Develop Database Extensions Using PGRX

This document explains how to develop database extensions using Rust and the PGRX framework. PGRX is a Rust framework for developing extensions for Apache Cloudberry, offering a safe and efficient development experience.

For the core features of PGRX, see PGRX Core Features.
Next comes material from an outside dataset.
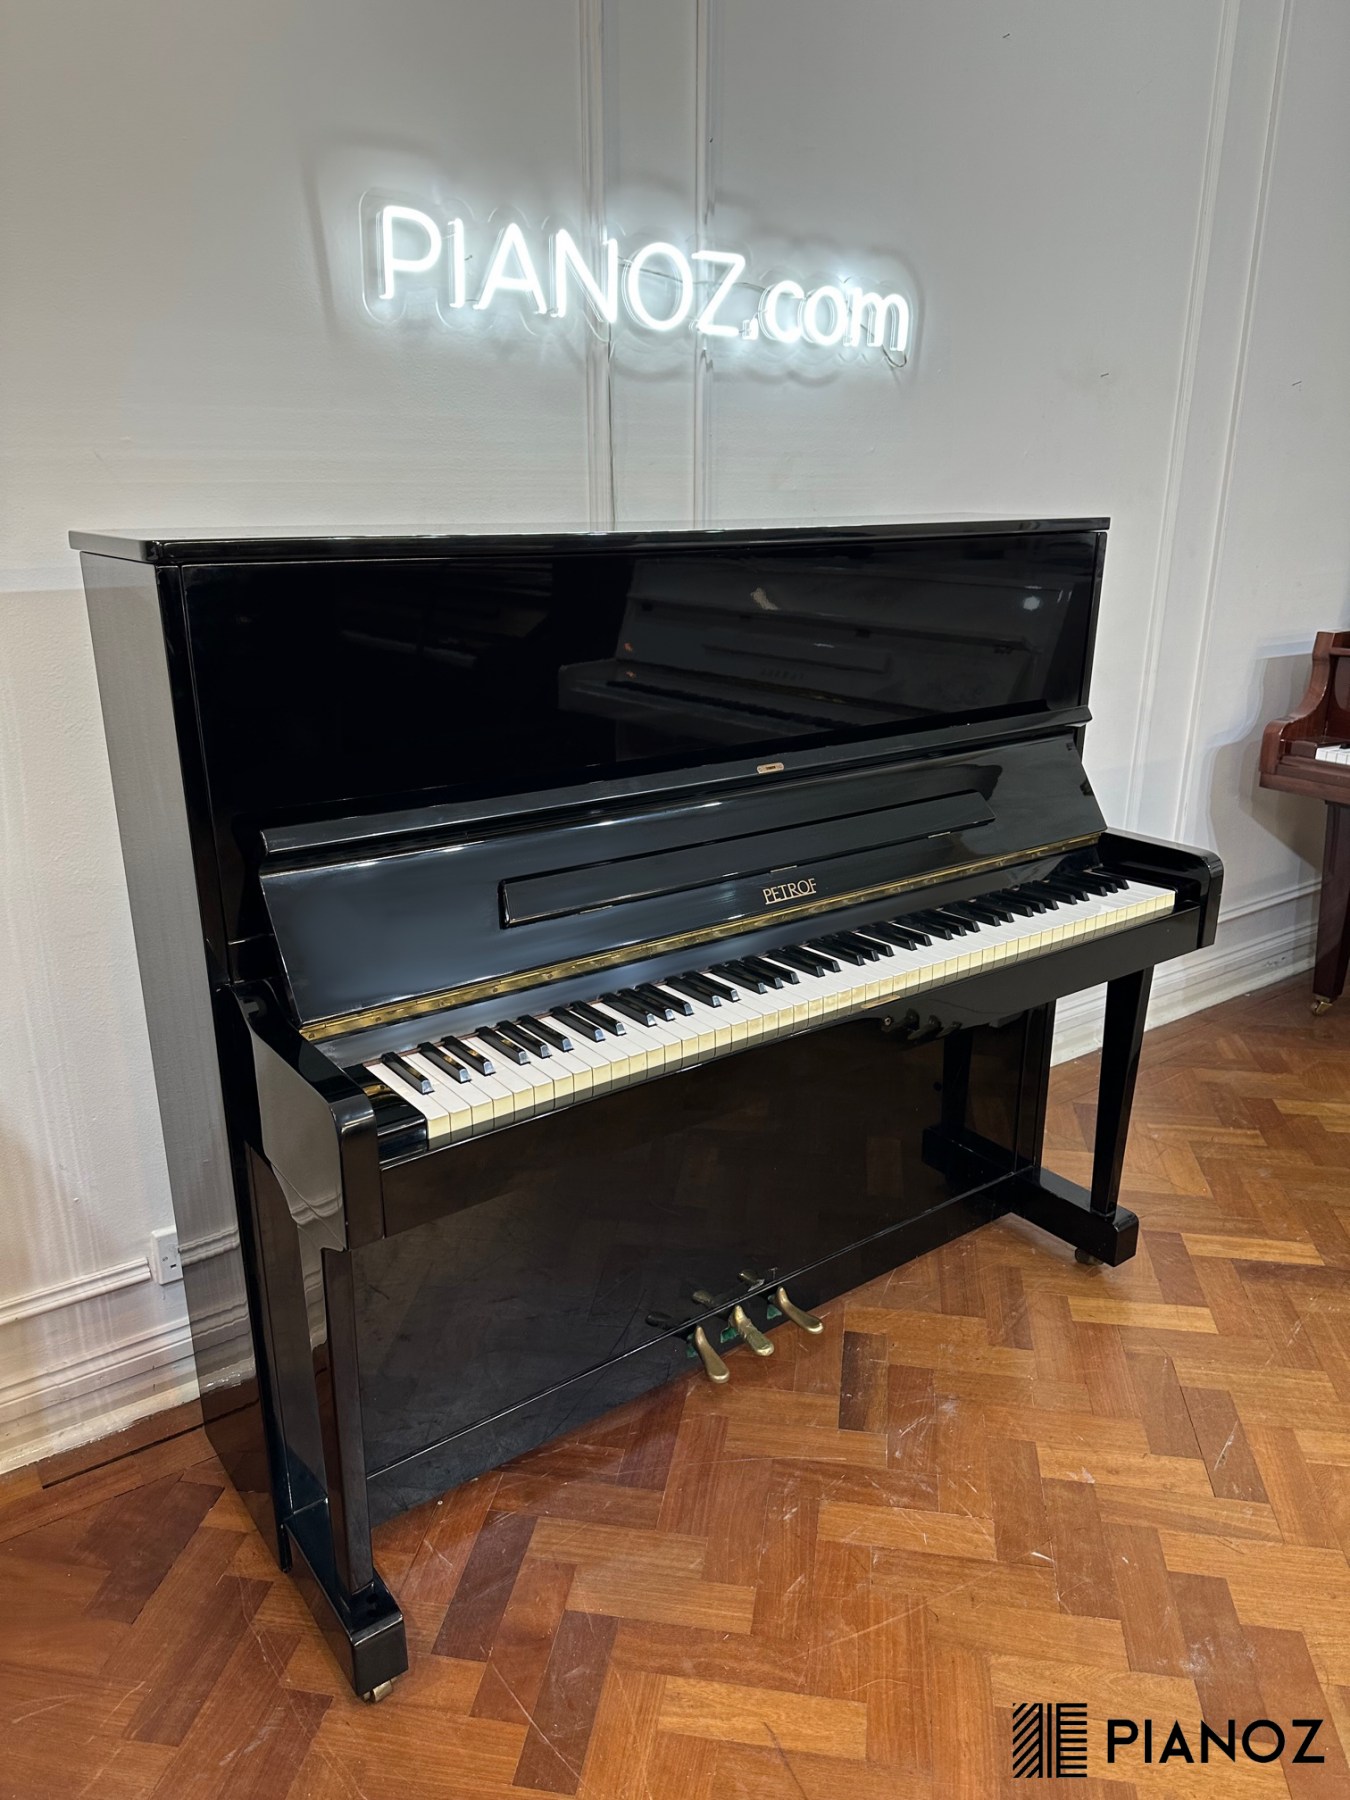 Petrof 125 Upright Piano piano for sale in UK

For notes of PGRX, see Considerations and Best Practices for PGRX.

Requirements for Development Environment

  • Make sure that your OS is one of Debian/Ubuntu and RHEL/CentOS.
  • Make sure that your Apache Cloudberry cluster is compiled from source code, not installed using RPM package.

Basic Software Environment

Required software:

  • Rust toolchain (rustc, cargo, and rustfmt) - install via https://rustup.rs
  • Git
  • libclang 11 or higher (for bindgen)
  • GCC 7 or higher

PostgreSQL Dependencies

Install required PostgreSQL dependencies for your OS:

For Debian/Ubuntu:

sudo apt-get install build-essential libreadline-dev zlib1g-dev flex bison \
libxml2-dev libxslt-dev libssl-dev libxml2-utils xsltproc ccache pkg-config

For RHEL/CentOS:

sudo yum install -y bison-devel readline-devel zlib-devel openssl-devel wget ccache
sudo yum groupinstall -y 'Development Tools'

After installing the dependencies, you can start developing extensions.

Quick Start for PGRX

This section introduces the process of quickly developing extensions using PGRX, including:

  • Setting up and installing PGRX
  • Creating extension
  • Installing and using extension

Set up and Install PGRX

note

PGRX is maintained by PgCentral Foundation, Inc., while we used here is one forked PGRX version with better compatibility within Cloudberry. It's contributed by the community members and customized for Cloudberry, but please note that it is not maintained as one official Cloudberry project.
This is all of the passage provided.